__WORK REQUIRED__.
Retype, exactly as they appear below, the lines between the line holding "Wallpapers wallpaper anime" and the line holding "Travel Clear Toiletry", both ends included.

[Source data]
[Start of Attachment]

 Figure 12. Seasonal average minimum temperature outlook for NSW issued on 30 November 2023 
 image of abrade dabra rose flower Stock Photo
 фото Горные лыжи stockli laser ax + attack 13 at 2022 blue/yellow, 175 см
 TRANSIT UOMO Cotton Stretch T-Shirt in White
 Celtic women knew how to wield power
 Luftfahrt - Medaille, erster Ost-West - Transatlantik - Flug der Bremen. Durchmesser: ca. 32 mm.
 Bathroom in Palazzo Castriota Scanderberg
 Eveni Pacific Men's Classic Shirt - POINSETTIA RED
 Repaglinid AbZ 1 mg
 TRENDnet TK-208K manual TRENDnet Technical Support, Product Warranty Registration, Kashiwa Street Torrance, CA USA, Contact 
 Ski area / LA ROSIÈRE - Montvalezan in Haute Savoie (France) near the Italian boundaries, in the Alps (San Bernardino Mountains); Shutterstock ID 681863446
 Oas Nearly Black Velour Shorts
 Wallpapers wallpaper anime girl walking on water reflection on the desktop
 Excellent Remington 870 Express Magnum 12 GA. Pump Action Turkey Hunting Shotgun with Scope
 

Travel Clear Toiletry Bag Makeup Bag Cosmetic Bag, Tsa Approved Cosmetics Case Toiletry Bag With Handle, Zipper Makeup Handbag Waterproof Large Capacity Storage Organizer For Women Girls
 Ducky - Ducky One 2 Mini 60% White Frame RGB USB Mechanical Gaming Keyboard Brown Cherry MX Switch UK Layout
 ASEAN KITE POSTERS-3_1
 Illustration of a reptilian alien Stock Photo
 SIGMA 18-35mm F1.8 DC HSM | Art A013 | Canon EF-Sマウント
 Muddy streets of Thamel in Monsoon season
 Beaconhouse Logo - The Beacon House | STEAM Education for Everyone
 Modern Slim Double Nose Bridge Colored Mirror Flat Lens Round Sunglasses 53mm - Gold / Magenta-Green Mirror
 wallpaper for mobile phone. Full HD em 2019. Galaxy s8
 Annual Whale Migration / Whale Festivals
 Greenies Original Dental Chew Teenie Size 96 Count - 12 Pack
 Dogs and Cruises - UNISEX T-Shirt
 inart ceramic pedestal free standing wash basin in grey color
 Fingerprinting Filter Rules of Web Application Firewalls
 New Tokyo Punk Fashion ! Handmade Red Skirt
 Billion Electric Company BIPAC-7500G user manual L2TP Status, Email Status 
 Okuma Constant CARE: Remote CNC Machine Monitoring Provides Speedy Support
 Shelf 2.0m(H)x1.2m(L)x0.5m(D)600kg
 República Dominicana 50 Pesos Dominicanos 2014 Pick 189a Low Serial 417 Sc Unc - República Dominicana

[End of Attachment]

__YOUR RESPONSE__.
 Wallpapers wallpaper anime girl walking on water reflection on the desktop
 Excellent Remington 870 Express Magnum 12 GA. Pump Action Turkey Hunting Shotgun with Scope
 

Travel Clear Toiletry Bag Makeup Bag Cosmetic Bag, Tsa Approved Cosmetics Case Toiletry Bag With Handle, Zipper Makeup Handbag Waterproof Large Capacity Storage Organizer For Women Girls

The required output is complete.